Badru, despite what she has to endure, stands her ground. Ever optimistic, she buys de-addiction pills for her husband. She isn’t giving up on her plans with Hamza. At one point, she even says to her Ammi: “Woh badal gaye hain (he has changed).”
When things go completely out of hand and mother and daughter are pushed to a corner from where there is no way out, they devise a hurried plan to make Hamza pay for his sins. The move is fraught with risk and triggers situations that they have little control over.
Darlings has a fourth key character – Zulfi (Roshan Mathew), who is diametrically antithetical to Hamza. An aspiring screenplay writer, the self-effacing man hawks used household appliances for a living in addition to serving as the sole delivery boy for Shamshu’s dabba service.
Zulfi’s centrality to the story take a while to emerge and demonstrates that all men aren’t monsters. A police inspector (Vijay Maurya, one of the film’s dialogue writers), too, is a sensitive soul always eager to lend a helping had to victims of domestic violence. He rues the fact that women themselves often shy away from asserting their rights.
Darlings makes no bones about what exactly it is driving at. But it does not seek to make its point in overly simplistic and pat ways. It leaves ample room for the imponderables to kick in. Keenly aware of the ethical questions involved in pitting one brand of violence against another, it takes recourse to intrigue and slyly comic sleights.

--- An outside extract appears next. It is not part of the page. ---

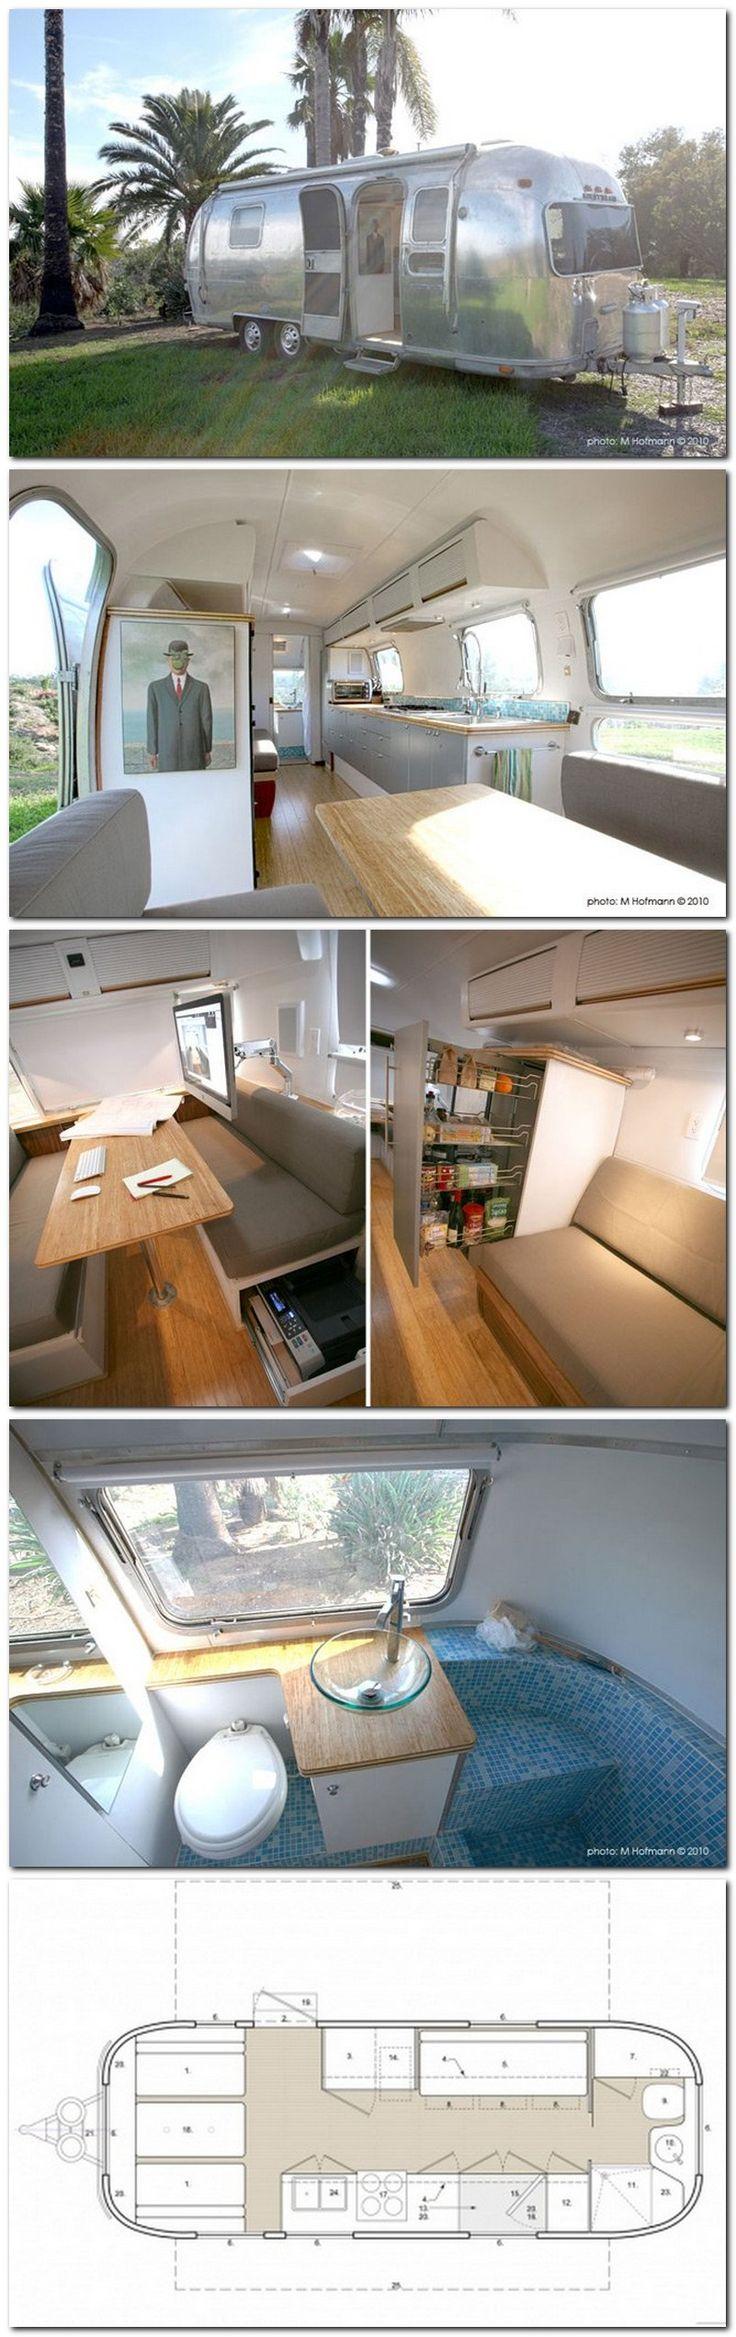 #Caravanas by Hoffman Architecture #interiordesing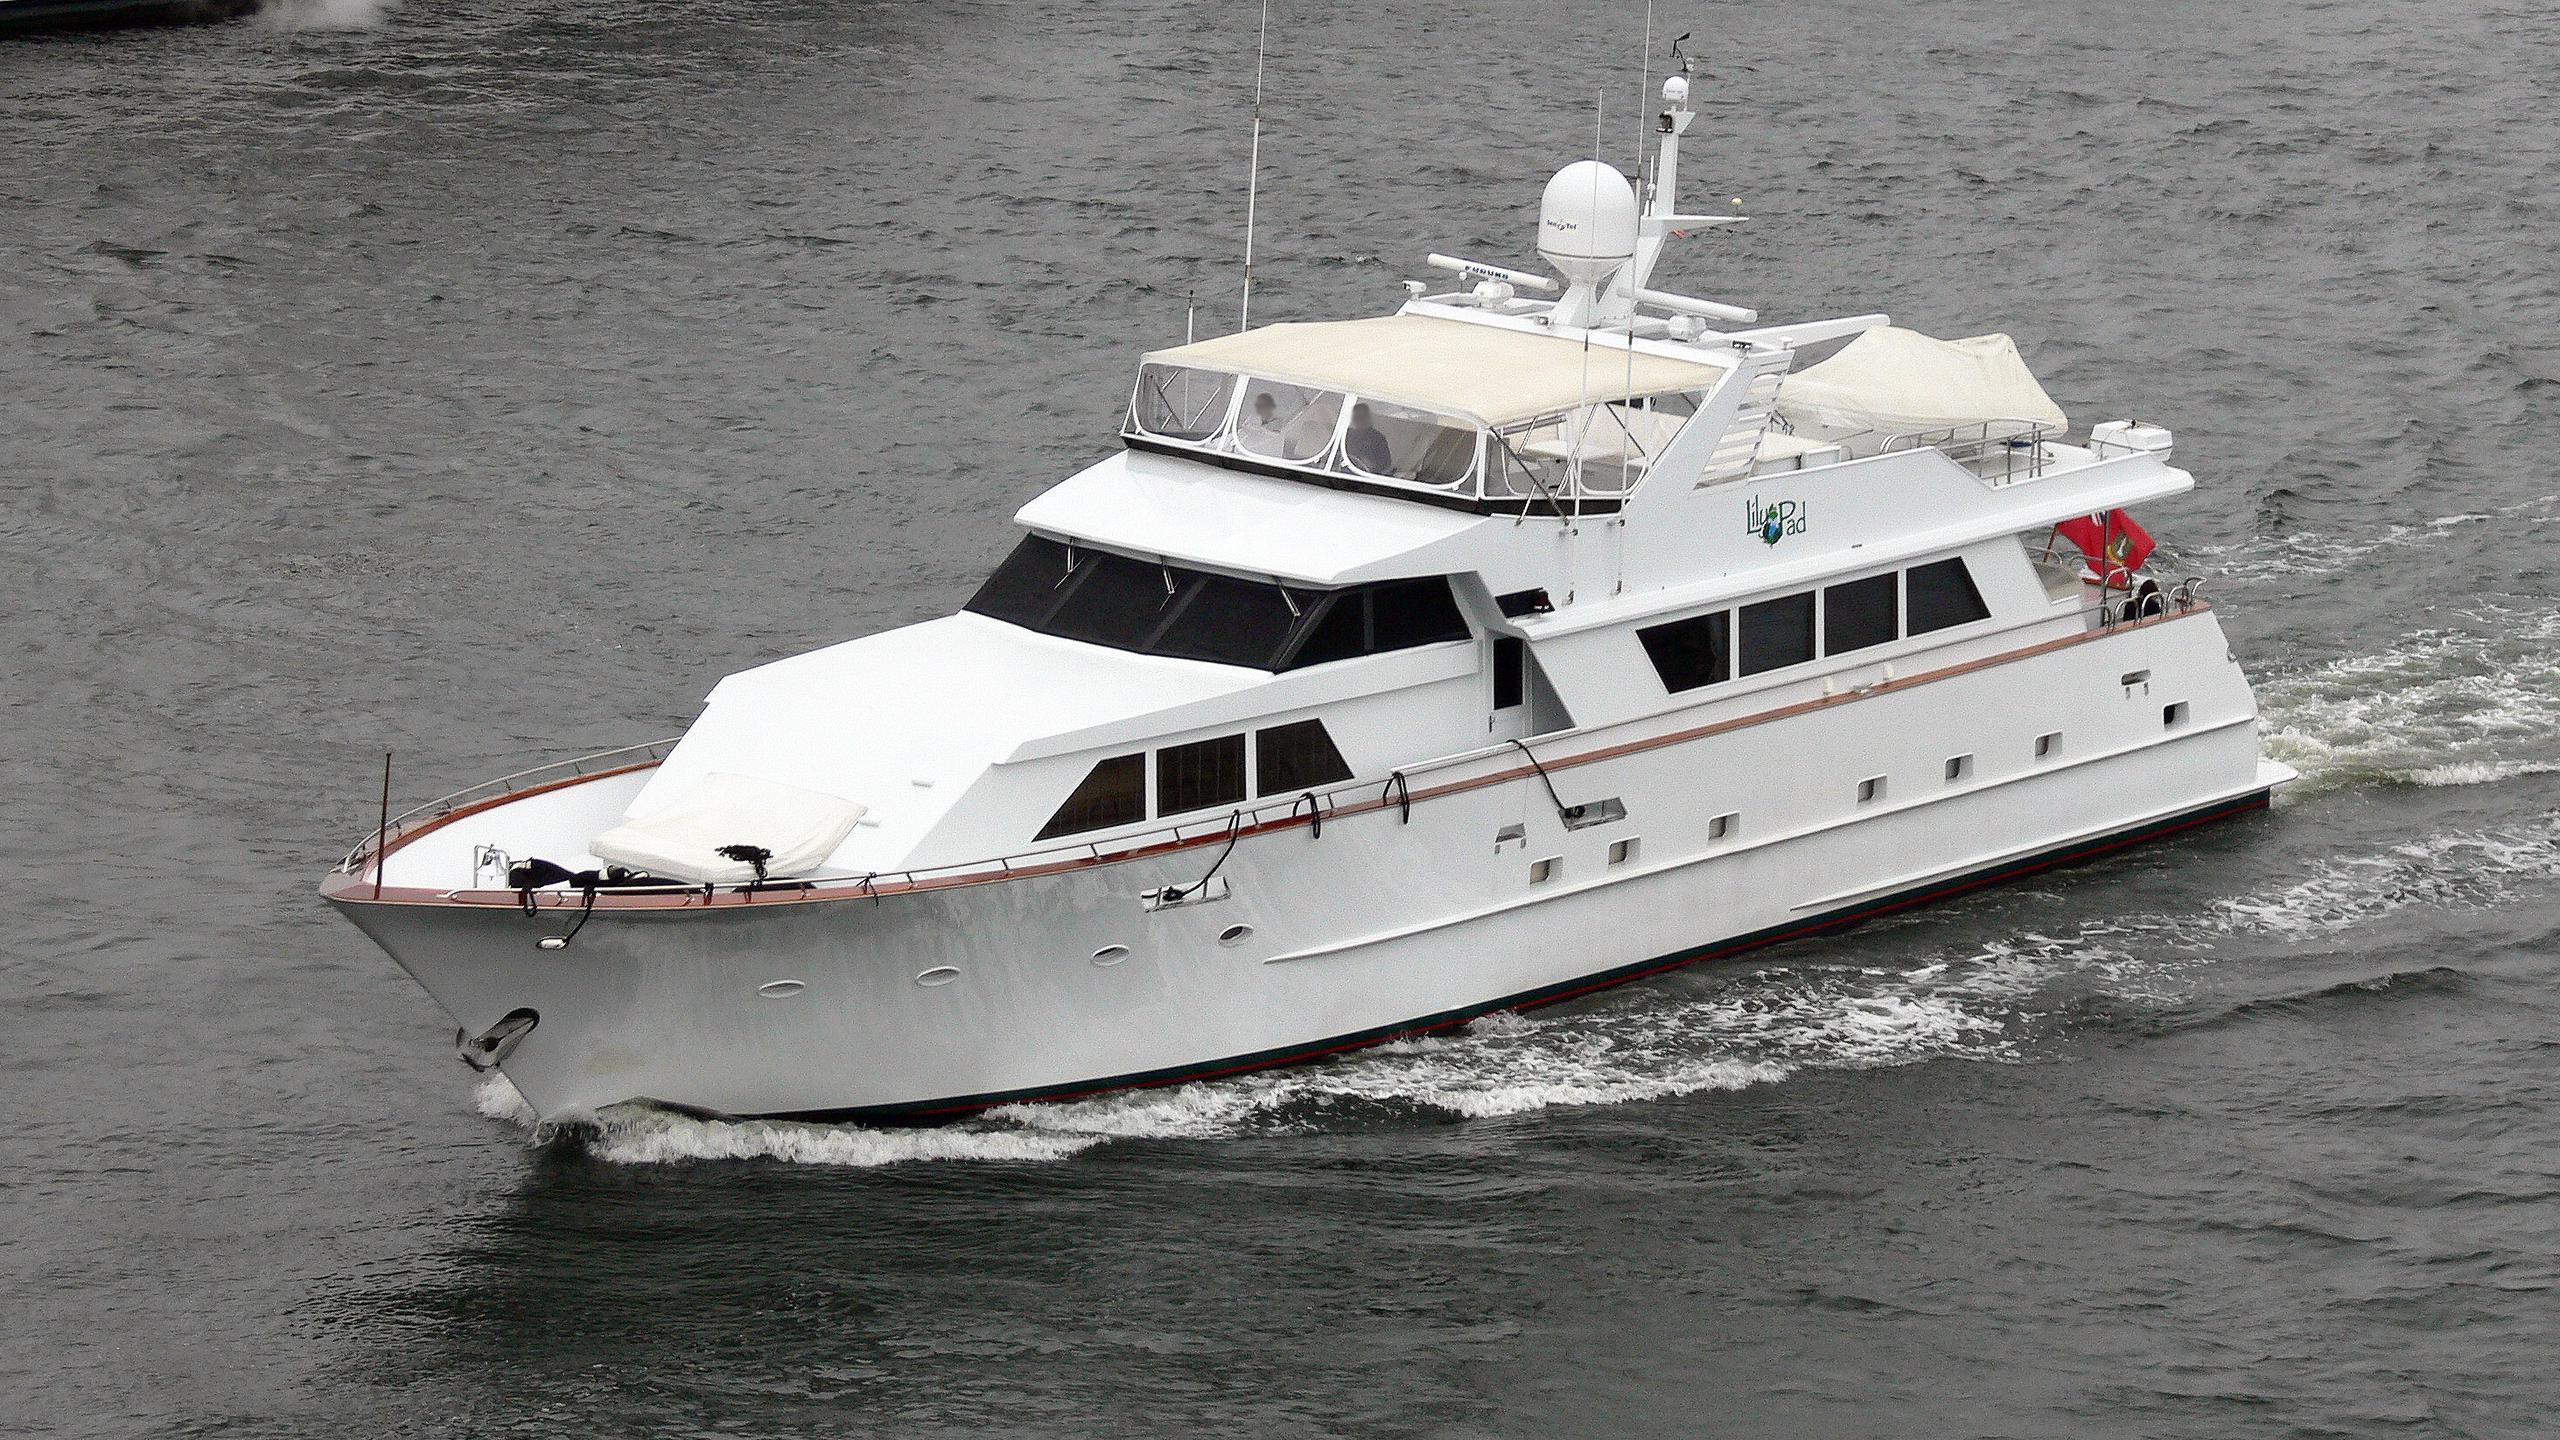 center-ring-golden-lady-motor-yacht-broward-1987-30m-cruising

Darlings is embellished with fine performances. Alia Bhatt reveals yet again the full range of her natural ability to get into the skin of a character. Shefali Shah, cast as a woman who has stopped worrying about the world and the impositions it makes on women, serves as the perfect foil.
Vijay Varma, playing a role that is definitely not single-note, fleshes out an extremely unlikeable man whose notions of love border on the sociopathic. He looks like a perfectly agreeable guy in most ways, but it takes the slightest of provocations for him to fly off the handle. The actor makes the behavioural transitions with minimum effort.
Roshan Mathew, too, thrives on bringing a quiet efficiency to his screen performances. He does just that in Darlings notwithstanding the fact that his role here feels a tad underwritten.
Darlings, which ploughs a dark furrow all its own while making judicious use of genre elements while shunning standard narrative tropes, is watchable all the way.